Unaudited Pro Forma Information

The following unaudited supplemental pro forma results of operations include the results of the four acquisitions during three and nine months ended June 30, 2016, described above as if each had been consolidated as of October 1, 2014, and have been provided for illustrative purposes only and do not purport to be indicative of the actual results that would have been achieved by the combined companies for the periods presented or that may be achieved by the combined companies in the future. Future results may vary significantly from the results reflected in the following pro forma financial information because of future events and transactions, finalization of the valuations of deferred taxes, fixed assets, and certain intangible assets, as well as other factors, many of which are beyond IES’s control.

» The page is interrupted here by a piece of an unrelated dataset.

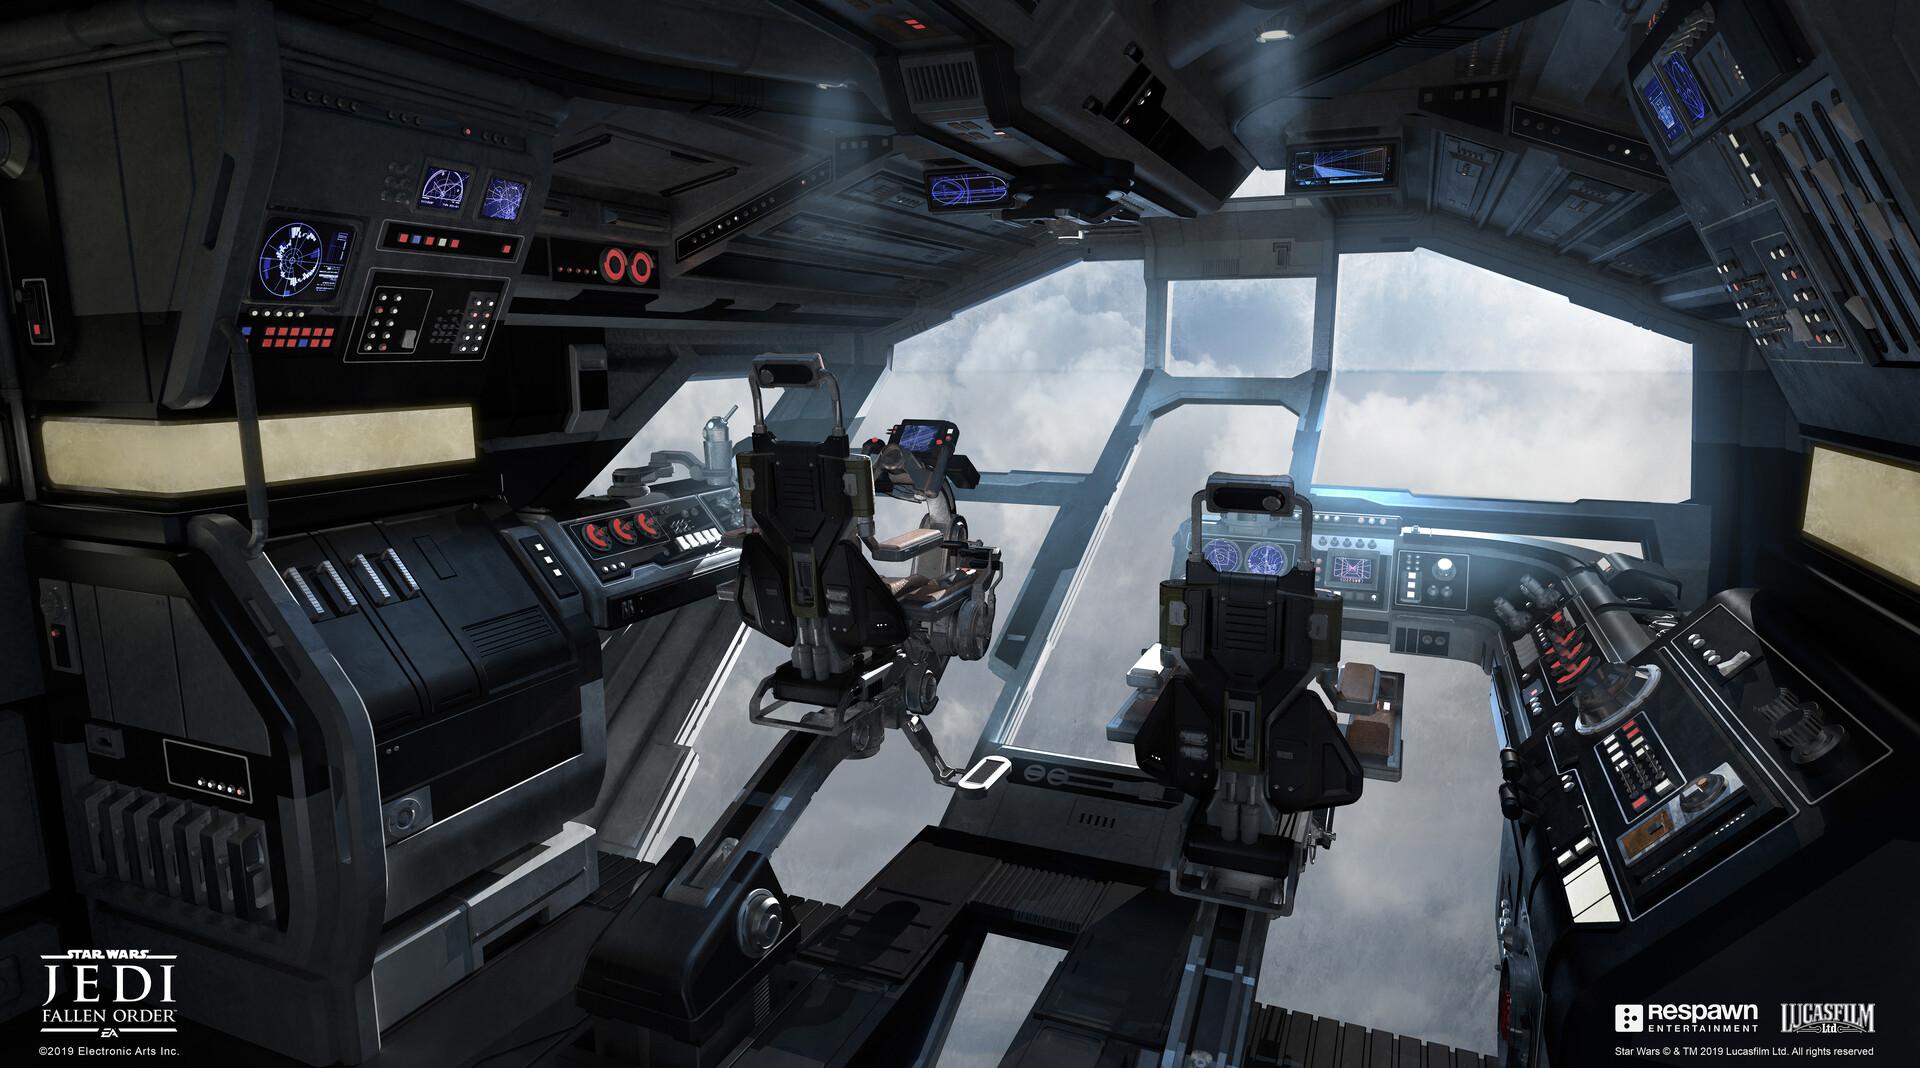 jean-francois-rey-cockpit-01.jpg?1579984

Cost savings and other synergy benefits resulting from the business combination have not been included in pro forma results.

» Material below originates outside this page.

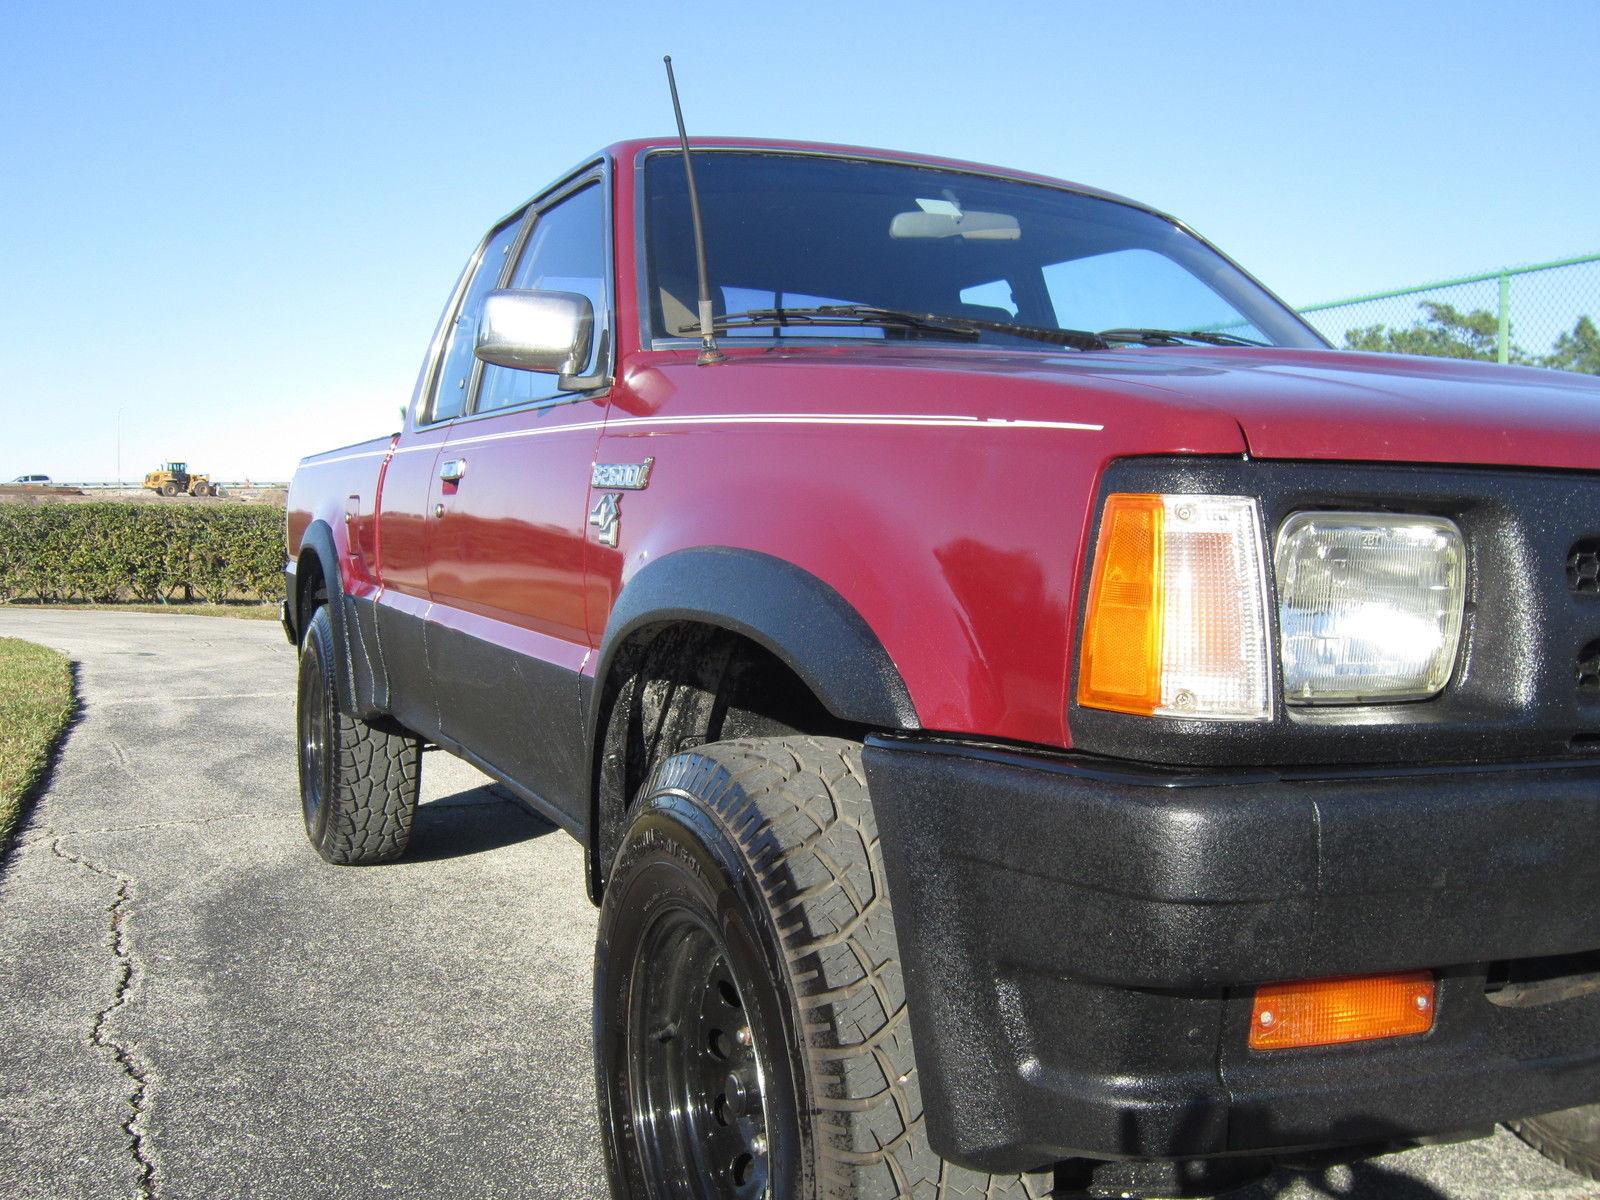 1991 Mazda B2600i 4x4 Efi Fuel Pump

The unaudited pro forma financial information reflects certain adjustments related to the acquisition, such as the recording of depreciation expense in connection with fair value adjustments to property and equipment, amortization expense in connection with recording acquired identifiable intangible assets at fair value, and interest expense calculated on the $20,000 drawn on the Company’s available line of credit at a rate of 2.5%. The unaudited pro forma financial information also includes the effect of certain non-recurring items as of October 1, 2014 such as the $5,002 of tax benefits and acquisition related costs of $681 incurred during the three and nine months ended June 30, 2016, which are shown as if they had been incurred on October 1, 2014.

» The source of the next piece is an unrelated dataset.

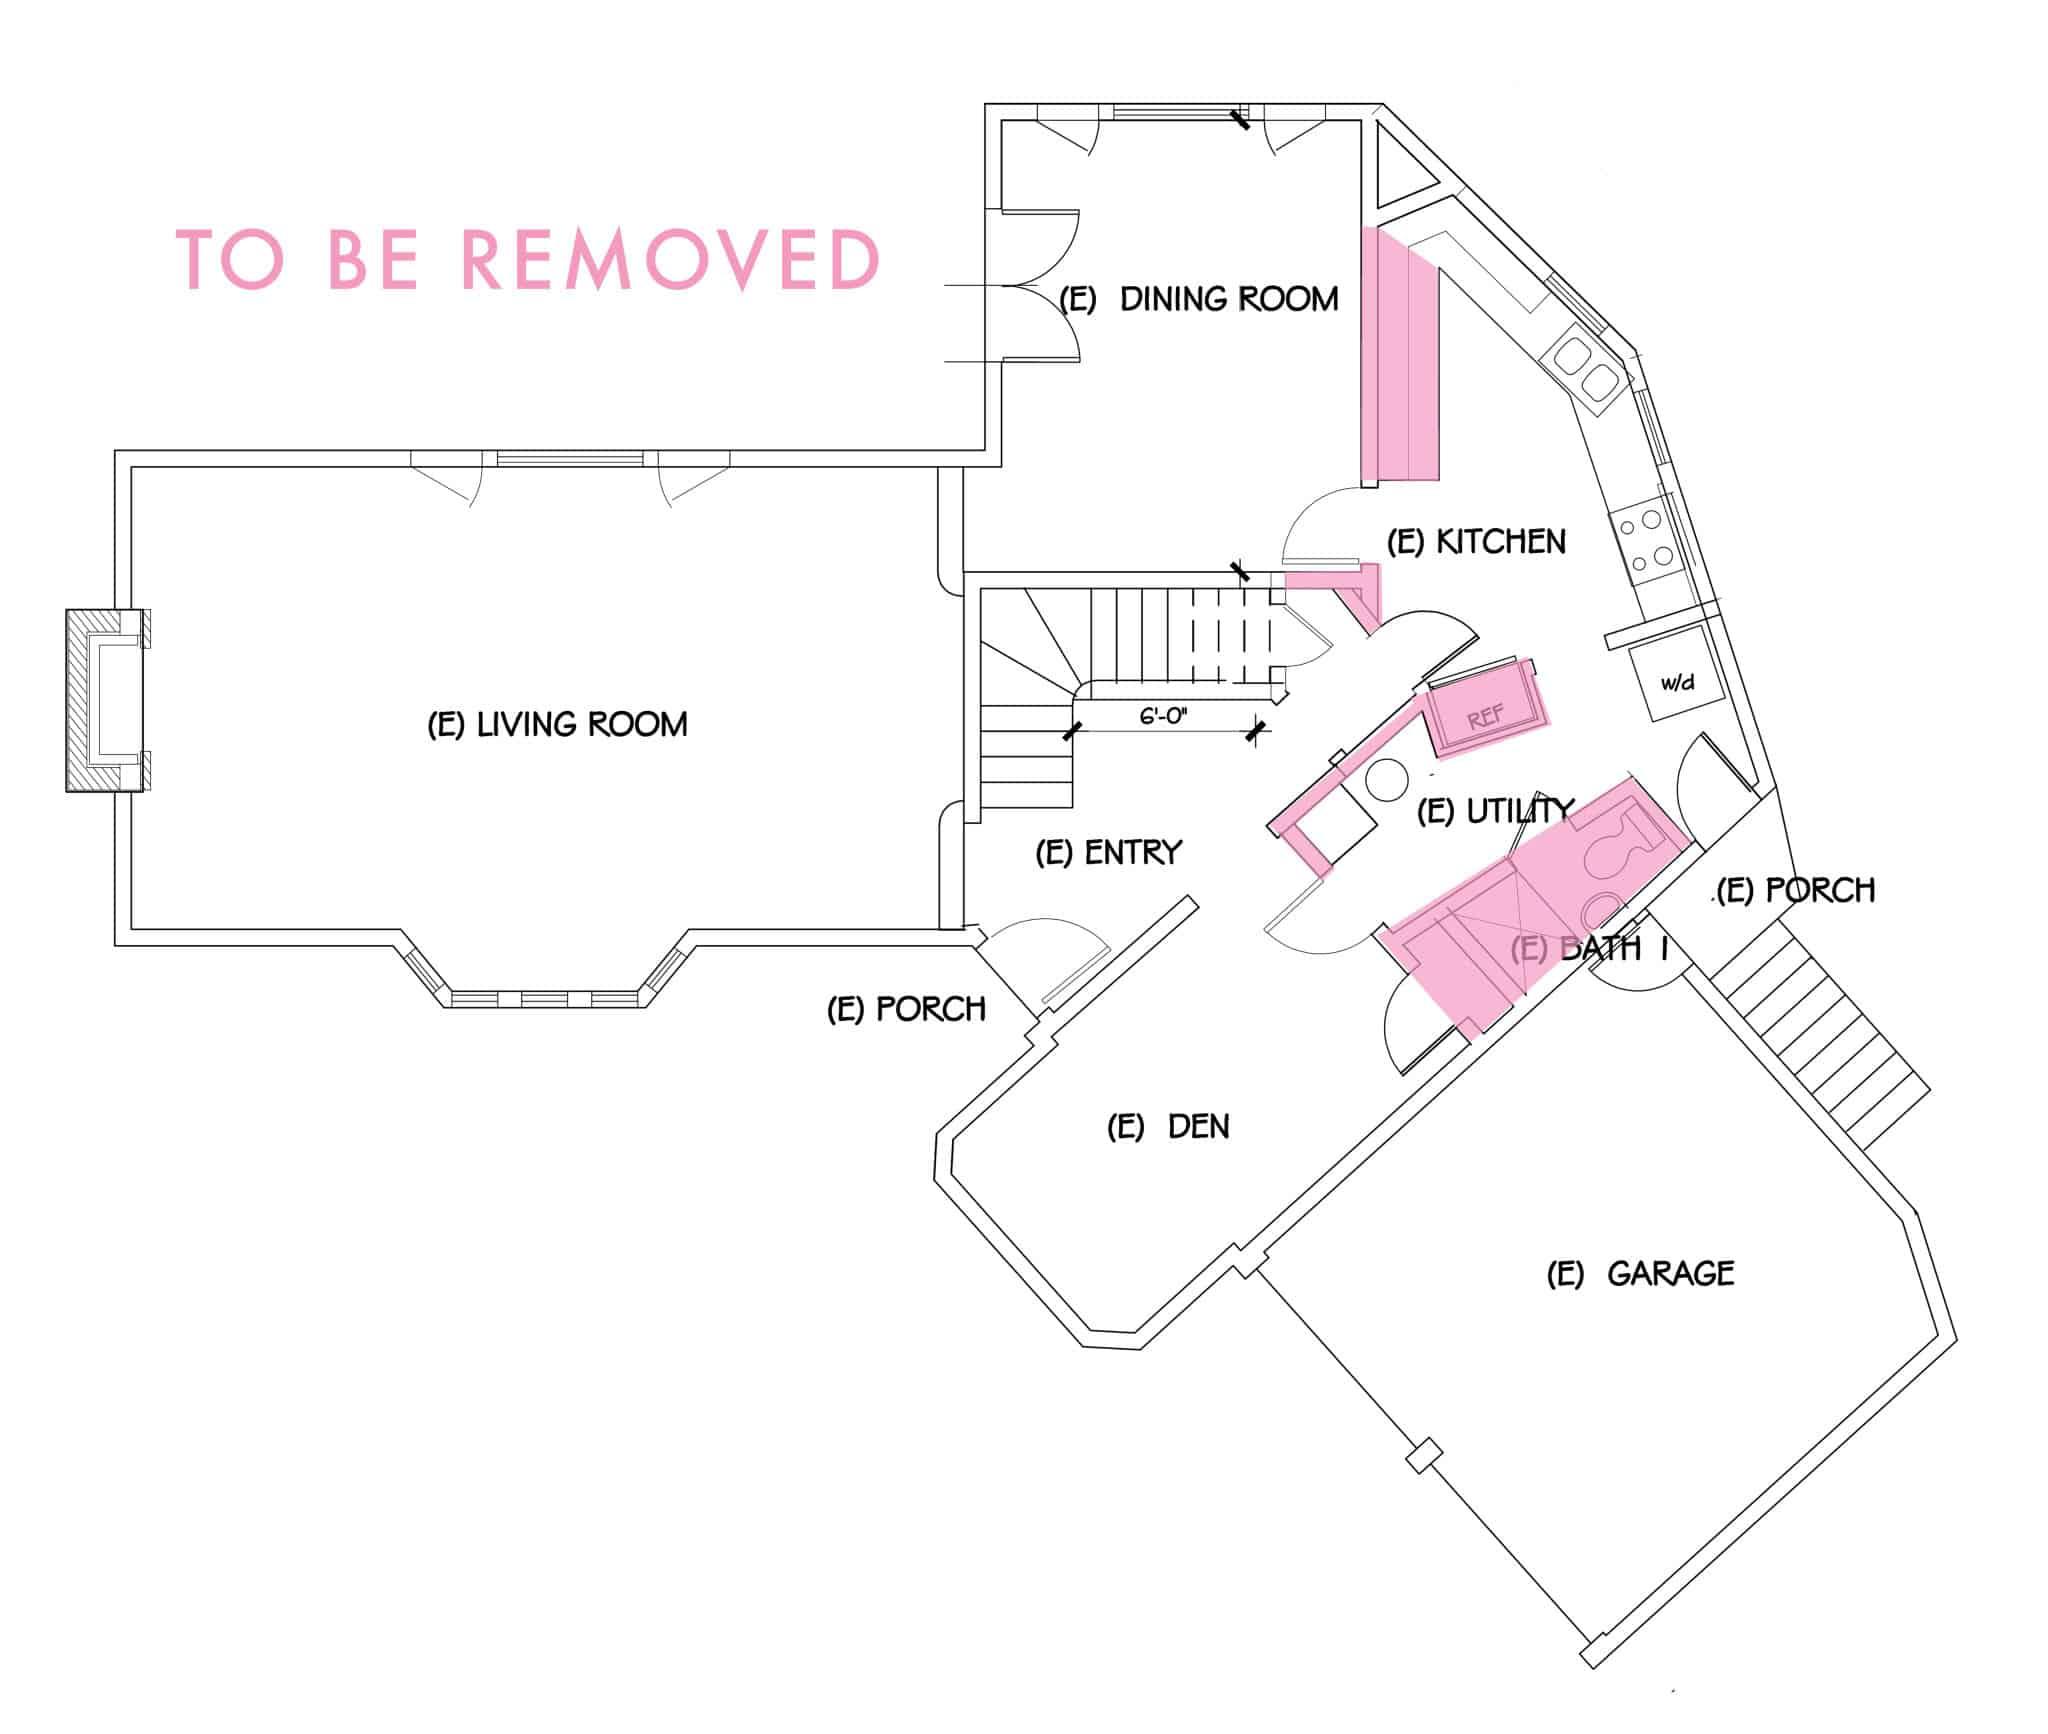 original_floor-plan_revised-floor-plan_to-be-removed-5

The supplemental pro forma results of operations for the three and nine months ended June 30, 2016 and 2015, as if the acquisitions had been completed on October 1, 2014, are as follows:

Unaudited
Three Months EndedThree Months Ended
June 30, 2016June 30, 2015
Revenues$183,162$161,283
Net Income$6,972$6,079

Unaudited
Nine Months EndedNine Months Ended
June 30, 2016June 30, 2015
Revenues$515,608$458,446
Net Income$15,828$16,288

Southern Rewinding

On May 21, 2015, our wholly-owned subsidiary Magnetech Industrial Services, Inc. (“Magnetech”) acquired all of the common stock and certain related real estate of Southern Industrial Sales and Services, Inc. (“Southern Rewinding”), a Columbus, Georgia-based motor repair and related field services company, for total consideration of $3,937.  Of that amount, $3,137 was paid at closing, with additional consideration of $800 scheduled to be paid through the period ending November 2016. Of that additional amount, $400 was paid during the nine months ended June 30, 2016. Payment of the remaining $400 is subject to Magnetech’s right to hold back certain amounts in respect of seller obligations.  After closing, we provided the newly-acquired entity with $1,065 of working capital.  Southern Rewinding is included in our Infrastructure Solutions segment.

The Company accounted for the transaction under the acquisition method of accounting, which requires recording assets and liabilities at fair value (Level 3). The valuation of the assets acquired and liabilities assumed as of May 21, 2015 is as follows:

Current assets$1,225
Property and equipment911
Intangible assets (primarily customer relationships)1,700
Non-tax-deductible goodwill1,532
Current liabilities(1,431)
Net assets acquired$3,937

Pro forma revenues and results of operations for the acquisition have not been presented because the effects were not material to the consolidated financial statements.

Divestitures

In February 2016, our Board of Directors approved a plan for the sale of substantially all of the operating assets of HK Engine Components, LLC (“HK”), a wholly-owned subsidiary operating in the Infrastructure Solutions segment.  In connection with the sale, we allocated $577 of goodwill to the disposal group.  In conjunction with the write down of these assets to their net realizable value of $2,200, we then recognized a loss of $828, recorded within “Loss on sale of assets” within our Condensed Consolidated Statement of Comprehensive Income for the nine months ended June 30, 2016. The sale of these assets to a third party was completed on April 15, 2016.